Material provided:
++++

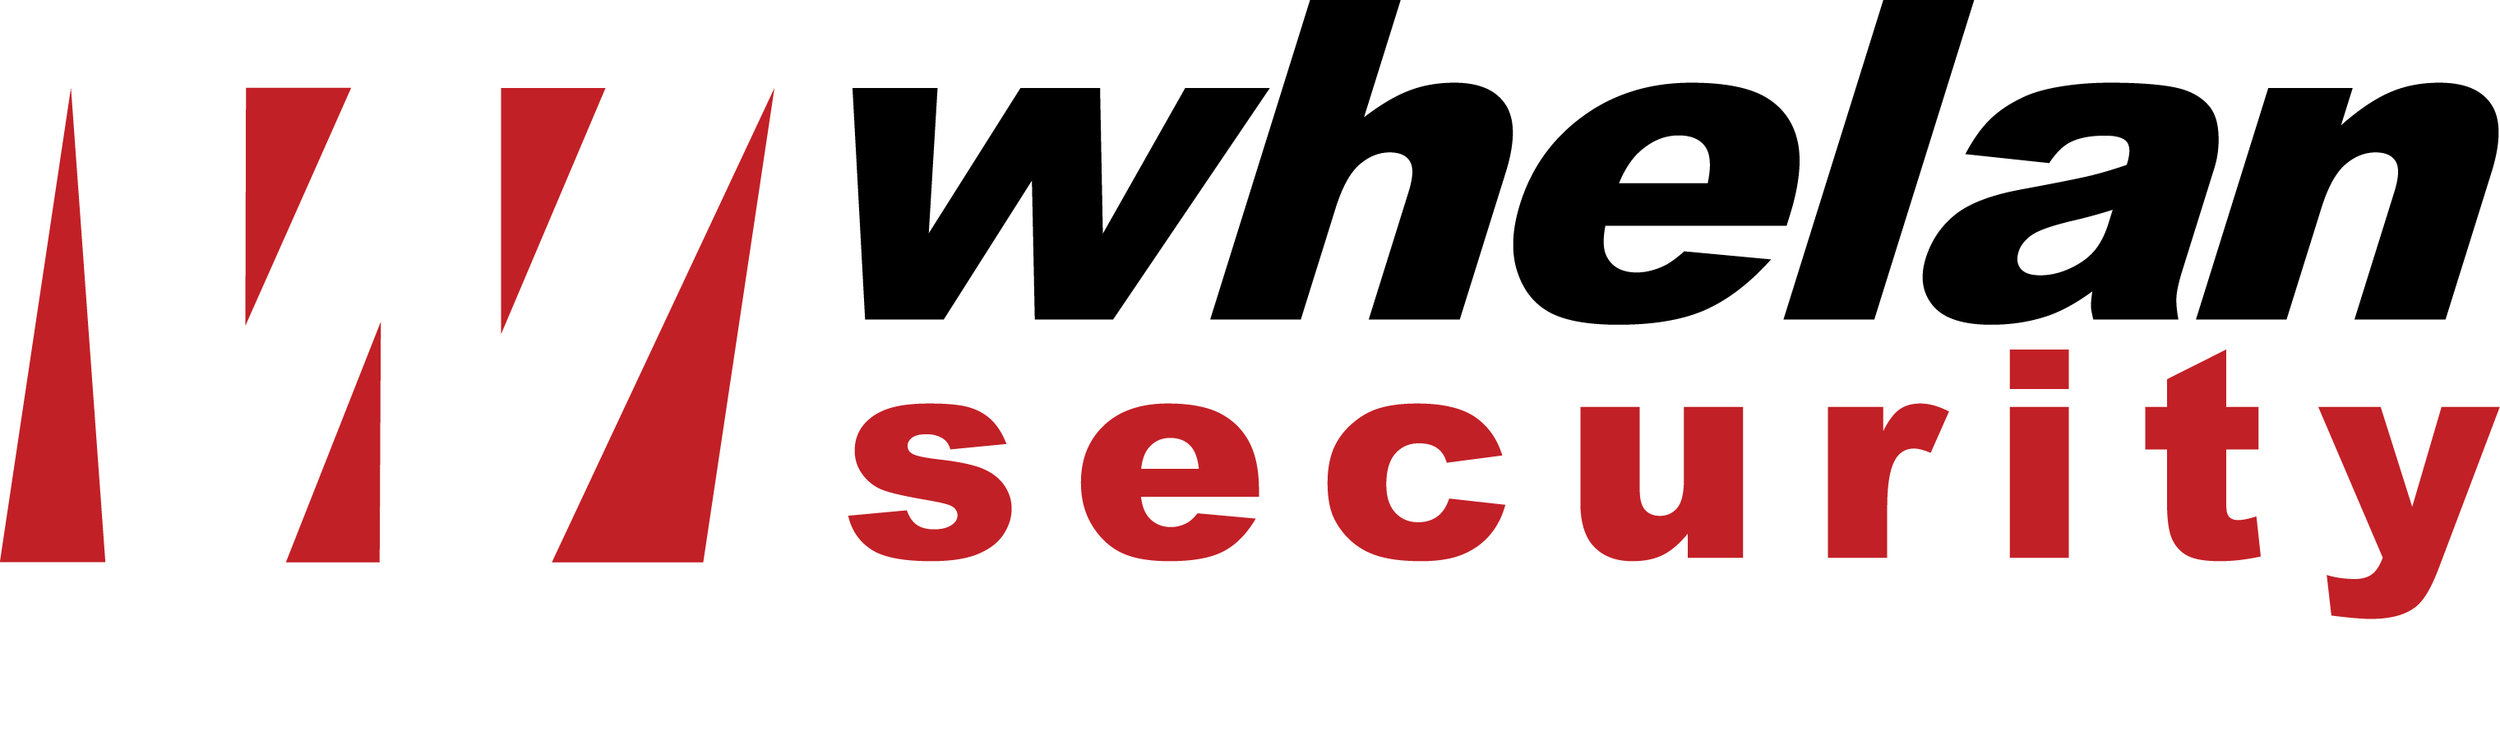 Whelan Security Standard Logo (O).jpg
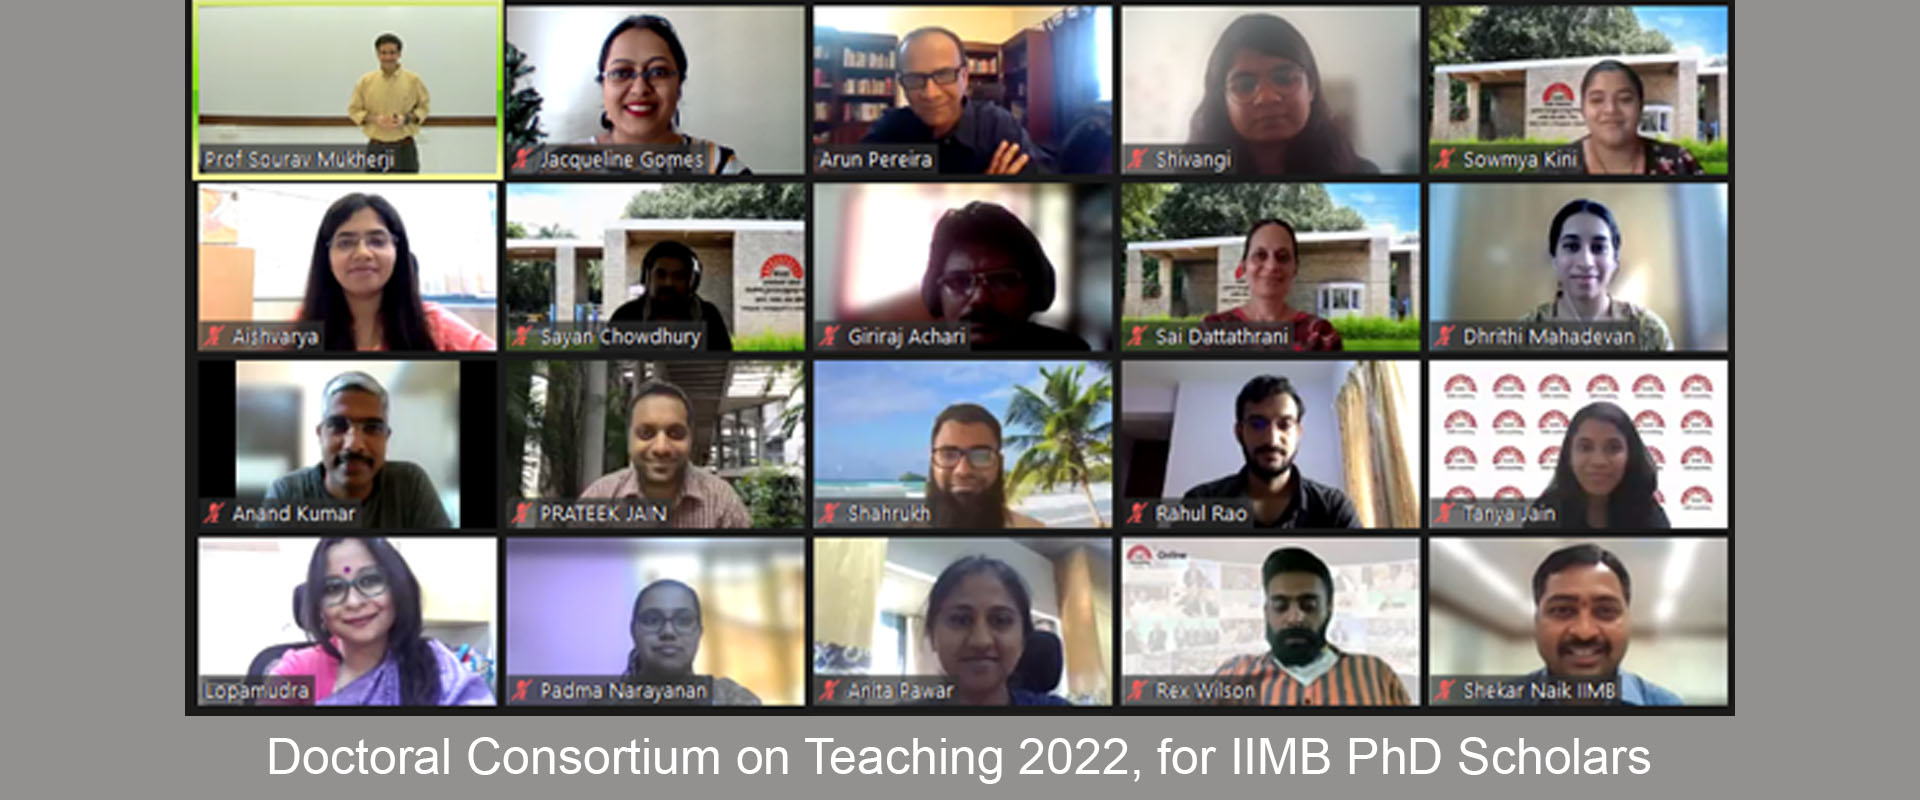 Doctoral Consortium on Teaching 2022, for IIMB PhD Scholars
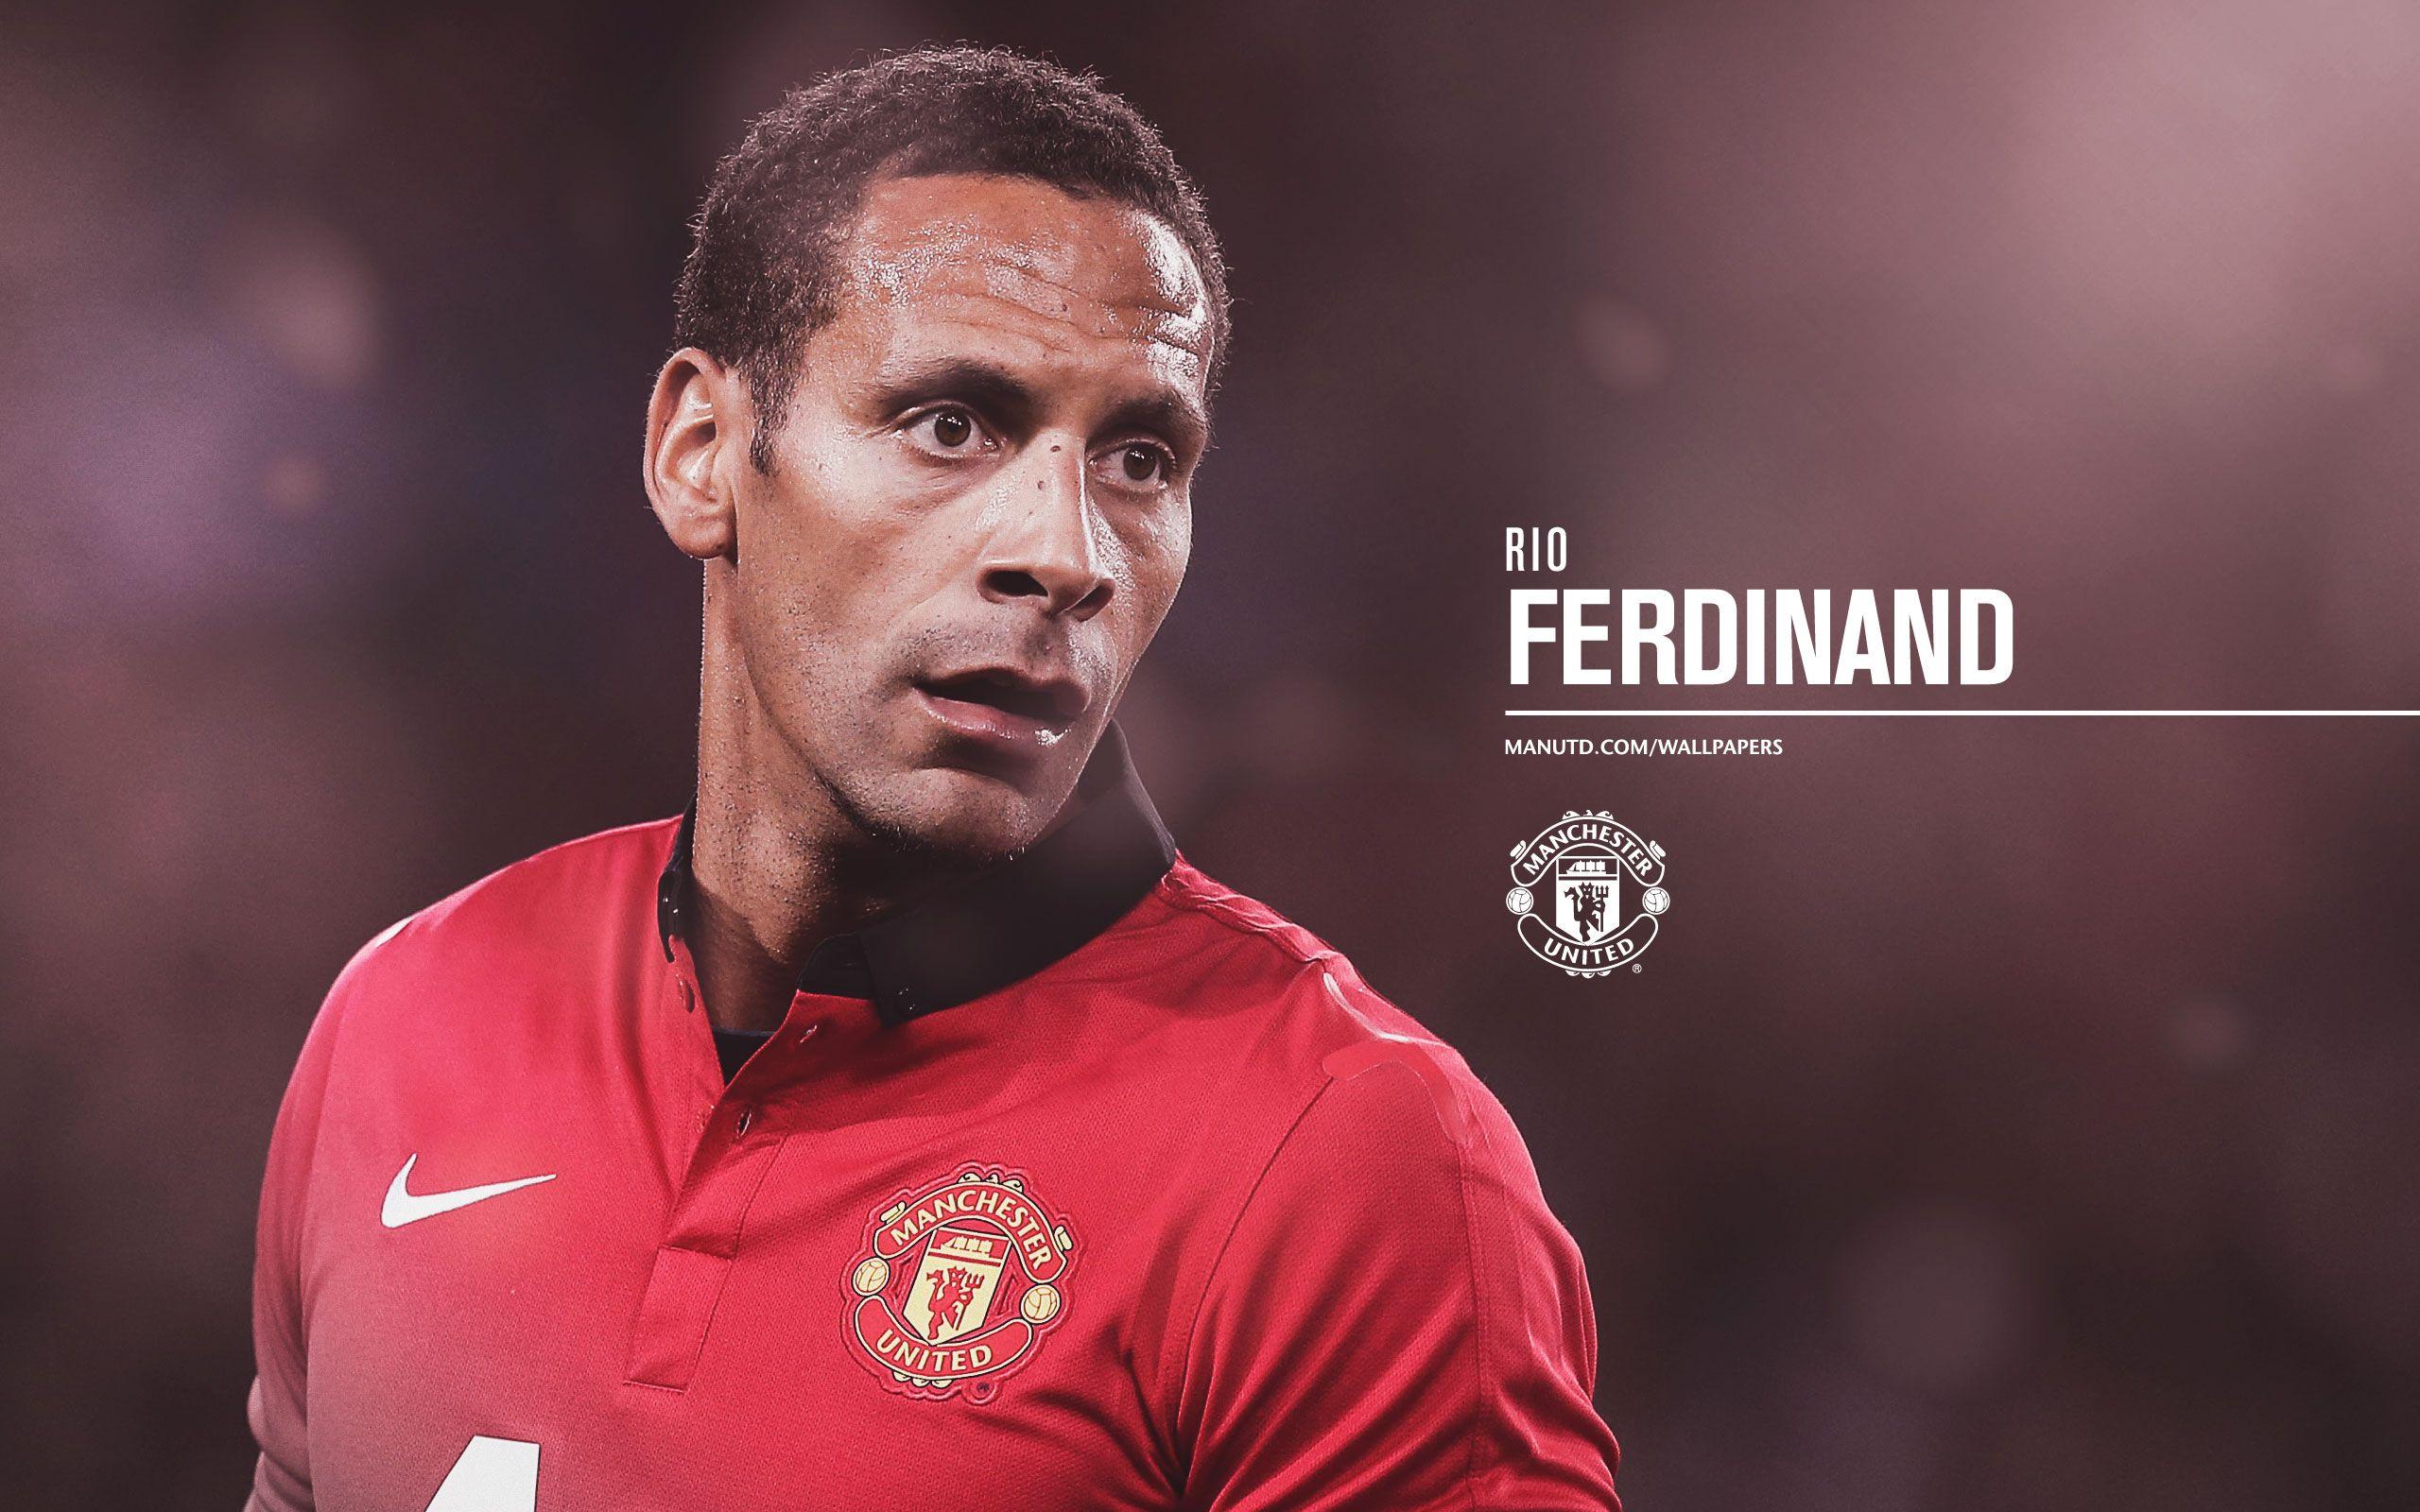 Rio Ferdinand Manchester United Player Wallpaper

++++

What you have to do:
Keeping pictures out, repeat exactly the lines from the one containing "Doctoral Consortium on" through the end of the listing.

Answer space:
 Doctoral Consortium on Teaching 2022, for IIMB PhD Scholars
 Rio Ferdinand Manchester United Player Wallpaper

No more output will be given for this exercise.